Then if each person was optimizing for the counterfactual impact, they would all choose the first option, for a lower total impact. If they were optimizing for their Shapley value, they'd choose the second option.

Can we make a more general statement? Yes. Agents individually optimizing for cost-effectiveness in terms of Shapley value globally optimize for total cost-effectiveness.

Informal proof: Consider the case in which agents have constant budgets and can divide them between different projects as they like. Then, consider the case in which each $1 is an agent: projects with higher Shapley value per dollar get funded first, then those with less impact per dollar, etc. Total cost-effectiveness is maximized. Because of order indifference, both cases produce the same distribution of resources. Thus, agents individually optimizing for cost effectiveness in terms of Shapley-value globally optimize for total cost-effectiveness.
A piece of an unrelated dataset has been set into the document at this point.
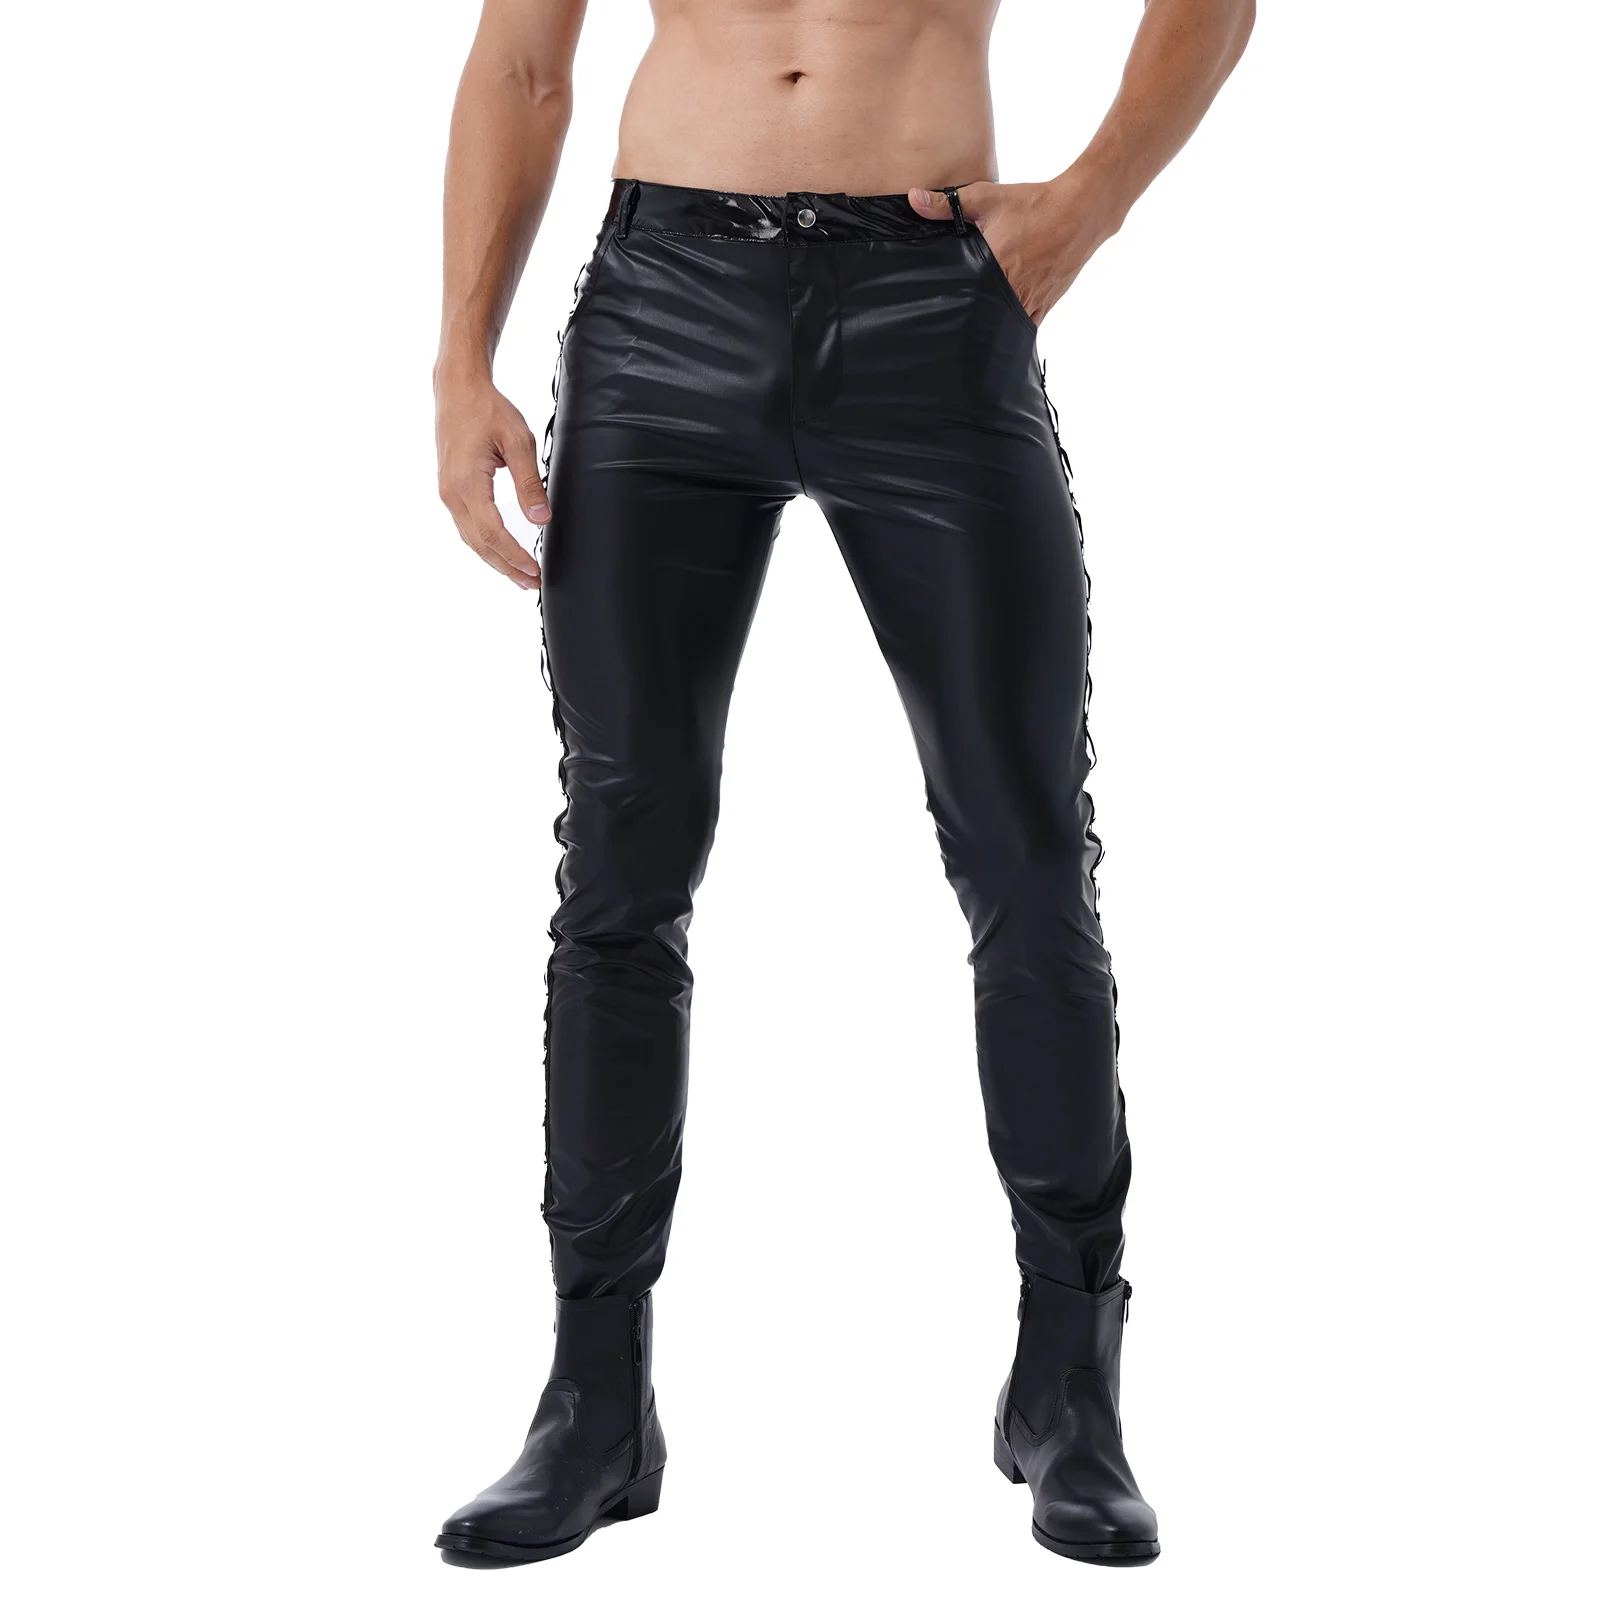 Men Skinny Faux Leather Low Waist Pencil Pants Fashion Tight Trousers Casual Workout Leggings Pole Dance Costume for Nightclub

Note: Thinking in terms of marginal cost-effectiveness doesn't change this conclusion. Thinking in terms of time/units other than money probably doesn't change the conclusion.

## Am I bean counting?

I don't have a good answer to that question.

## Conclusion

The counterfactual impact function is well defined, but it fails to meet my expectations of what an impact function ought to do when considering scenarios with multiple stakeholders.

On the other hand, the Shapley value function flows from some very general and simple properties, and can deal with the examples in which the counterfactual function fails. Thus, instead of optimizing for counterfactual impact, it seems to me that optimizing for Shapley value is less wrong.

Finally, because the Shapley value is not pretty to calculate by hand, here is a calculator.

Question: Is there a scenario in which the Shapley value assigns impacts which are clearly nonsensical, but with which the counterfactual value, or a third function, deals correctly?

## Addendum: The Shapley value is not easily computable.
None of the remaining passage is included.